Video compression has always been a popular research area, where many traditional and deep video compression methods have been proposed. These methods typically rely on signal prediction theory to enhance compression performance by designing high efficient intra and inter prediction strategies and compressing video frames one by one. In this paper, we propose a novel model-based video compression (MVC) framework that regards scenes as the fundamental units for video sequences. Our proposed MVC directly models the intensity variation of the entire video sequence in one scene, seeking non-redundant representations instead of reducing redundancy through spatio-temporal predictions. To achieve this, we employ implicit neural representation (INR) as our basic modeling architecture. To improve the efficiency of video modeling, we first propose context-related spatial positional embedding (CRSPE) and frequency domain supervision (FDS) in spatial context enhancement. For temporal correlation capturing, we design the scene flow constrain mechanism (SFCM) and temporal contrastive loss (TCL). Extensive experimental results demonstrate that our method achieves up to a 20\% bitrate reduction compared to the latest video coding standard H.266 and is more efficient in decoding than existing video coding strategies.

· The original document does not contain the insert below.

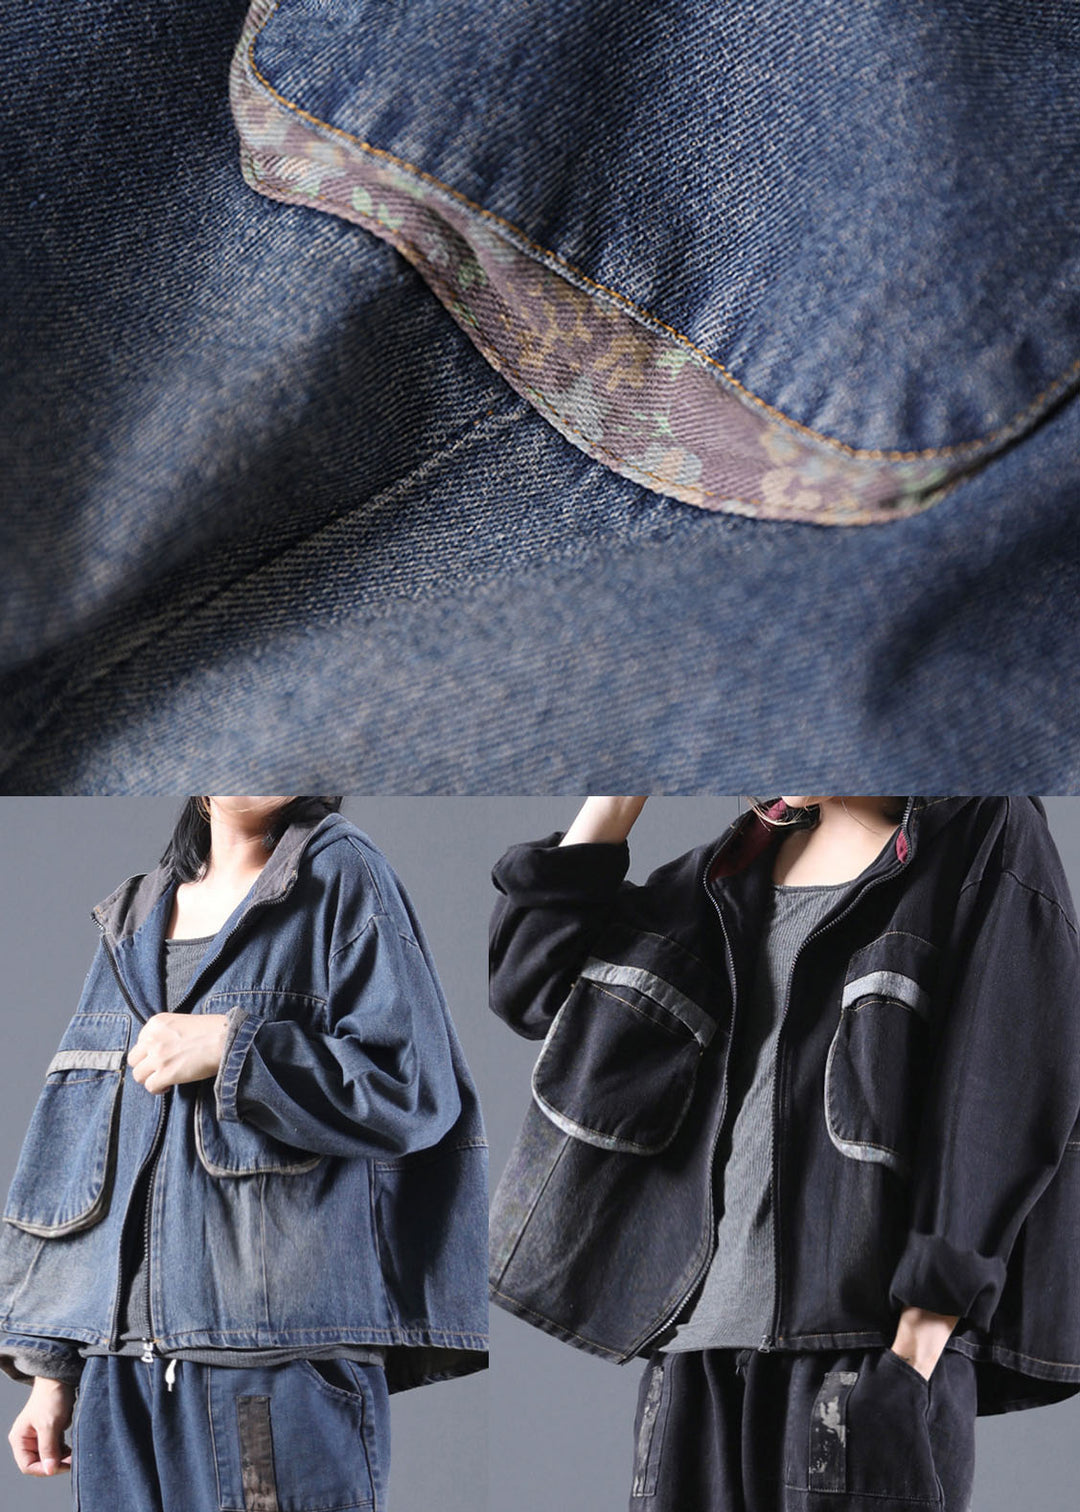 Handmade Black Hooded denim Coats Spring

翻译：视频压缩一直是热门研究领域，已有众多传统和深度视频压缩方法被提出。这些方法通常依赖信号预测理论，通过设计高效的帧内和帧间预测策略，并逐帧压缩视频来提升压缩性能。本文提出一种新颖的基于模型的视频压缩（MVC）框架，将场景视为视频序列的基本单元。我们提出的MVC直接对单一场景中整个视频序列的强度变化进行建模，寻求非冗余表示，而非通过时空预测减少冗余。为此，我们采用隐式神经表示（INR）作为基本建模架构。为提升视频建模效率，我们首先在空间上下文增强中提出上下文相关空间位置嵌入（CRSPE）和频域监督（FDS）。在时间相关性捕获方面，我们设计了场景流约束机制（SFCM）和时序对比损失（TCL）。大量实验结果表明，与最新视频编码标准H.266相比，我们的方法可实现高达20%的码率降低，且在解码效率上优于现有视频编码策略。